O hipotiroidismo pode impactar severamente a vida das mulheres, desde os batimentos cardíacos, o ritmo do intestino, o humor e o ciclo menstrual, devendo ser diagnosticado e tratado precocemente.
7º.:
Existe vacina para Herpes Zoster e o fato de ter sido acometido não é garantia para que não ocorra uma recidiva. Quanto mais rápido for o início do tratamento – primeiras vinte e quatro horas – melhores são as chances de sucesso.
8º.:
Prender um novo idioma, em qualquer idade, favorece o nascimento de novos neurônios e pode ajudar a prevenir doenças degenerativas do cérebro. Além de ser um ótimo recurso para a prática do mindfulness – desviando o foco da dor – se aprendizado promover interação, diversão e novas conexões, o benefício será ainda maior.
Minha conclusão:
Ainda sinto dor, praticamente todos os dias. Nesses momentos, uso a meditação e o mindfulness para aquietar meus pensamentos e perguntar a mim mesma o que está intoxicando minha mente e, por tabela, afetando negativamente o meu corpo. Acredito que a Terapia Cognitivo-Comportamental (TCC) poderia me ajudar, mas ainda não encontrei um profissional especializado em dor crônica que a pratique. Até onde eu sei, essa terapia pode devolver ao paciente com dor crônica uma flexibilização cognitiva, envolvendo mudanças nas emoções e comportamentos. Nada fácil.
Por que estou compartilhando a minha história? Quando penso que levei mais de duas décadas para obter algum resultado no meu tratamento, um sentimento de compaixão me invade e sinto que o que eu passei pode fazer outros vislumbrar o caminho de uma recuperação.
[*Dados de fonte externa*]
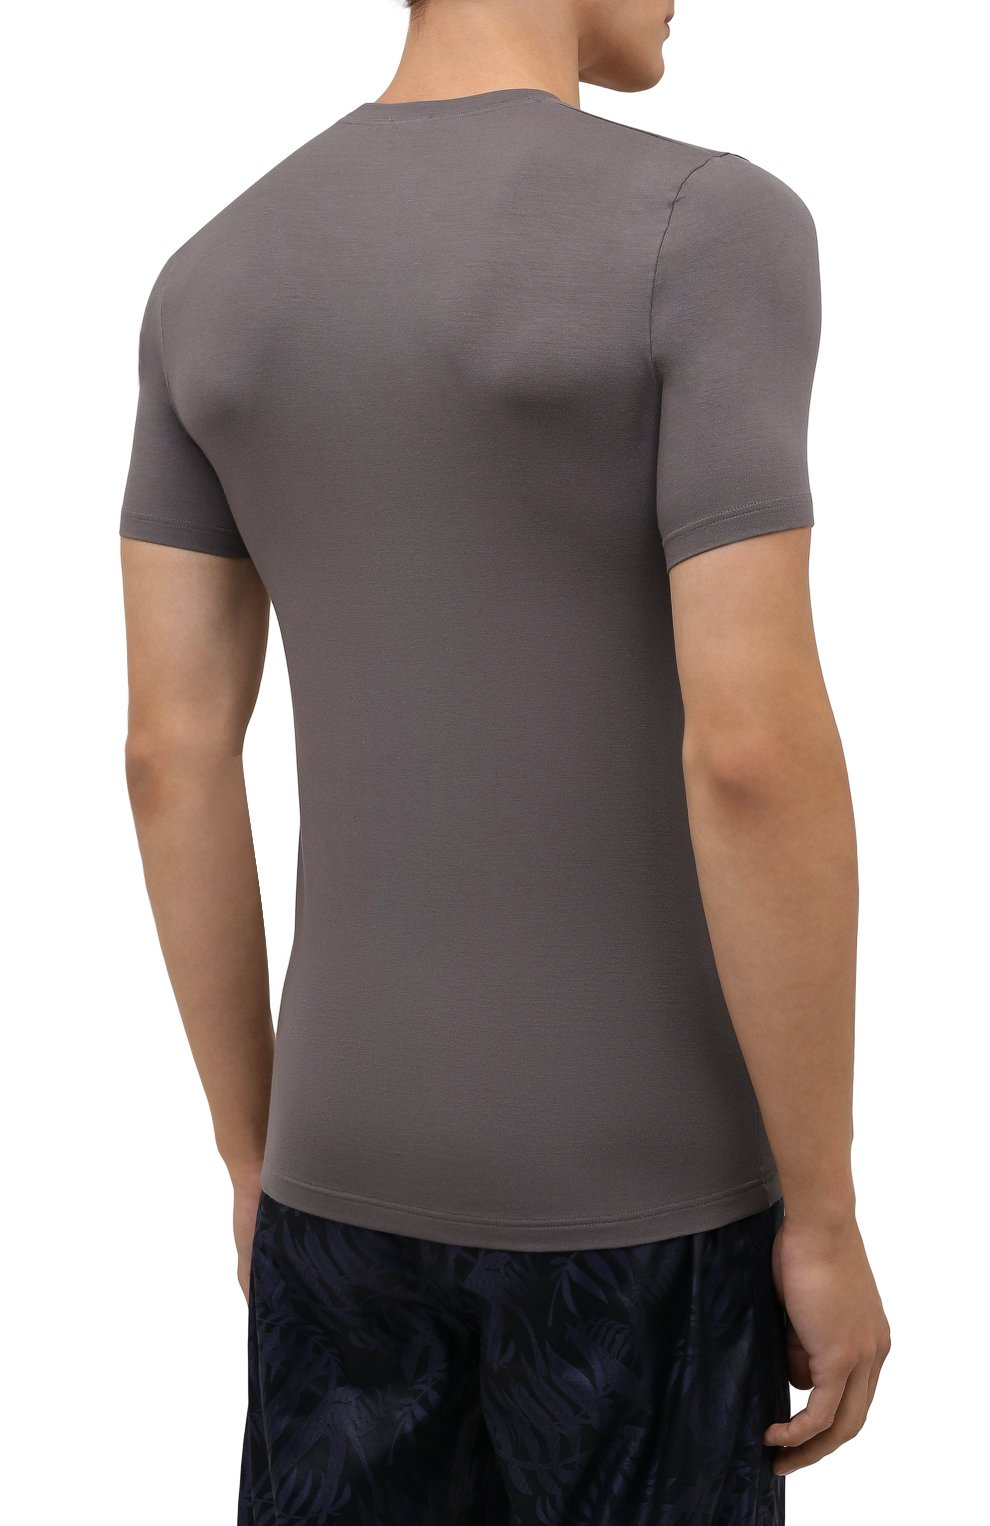 Мужская футболка ZIMMERLI светло-серого цвета, арт. 700-1341   Фото 4 (Кросс-КТ: домашняя одежда; Рукава: Короткие; Материал внешний: Синтетический материал; Длина (для топов): Стандартные)

Mostrar meus erros e meus acertos talvez possa abreviar a peregrinação daqueles que se encontram na mesma situação. Estou convencida que a humanidade compartilhada pode fazer a diferença na vida de muitas pessoas.
Através da prática diária da autocompaixão, ao invés de nos julgarmos e criticarmos por inadequações ou deficiências – como sermos portadores de dor crônica – podemos escolher nos tornar mais gentis e compreensivos, quando confrontados por falhas pessoais. Não precisamos ser e nunca seremos perfeitos!


Respostas de 2
As estórias sobre dor crônica guardam grandes semelhanças, aí incluída também a minha, uma luta diária para vencer a fibromialgia.
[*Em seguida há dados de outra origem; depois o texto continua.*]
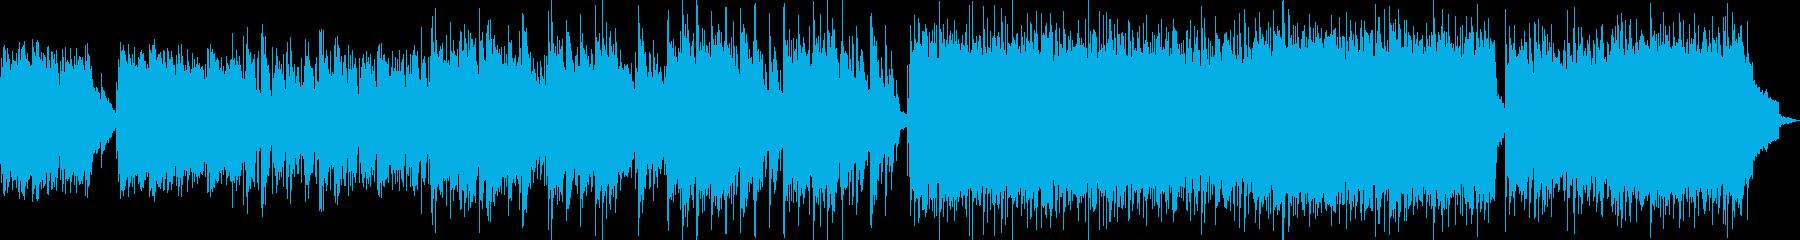 疾走感のある前向きPOPの再生済みの波形

Só agora tomei conhecimento da ABRAFIBRO, uma associação que reúne pacientes fibromiálgicos, e durante a LIVE por eles promovida, me ocorreu a necessidade de uma ampla articulação para pressionar o governo federal a dedicar atenção e cuidados especiais a nós que convivemos com dor crônica. Imagino, por exemplo, a realização de uma audiência pública na Comissão de Saúde da Câmara, cobrando ações concretas que possam mitigar tanto sofrimento.
Ricardo, acredite que eu lamento carecer do seu entusiasmo por causas cívicas impossíveis. Obviamente, é uma questão subjetiva e não pretendo que ninguém concorde com o meu completo ceticismo quanto a um órgão federal “dedicar atenção e cuidados…etc”. O caminho habitual via legisladores, já tem sido trilhado no Brasil por associações e pessoas no campo da dor e nunca levou a nada.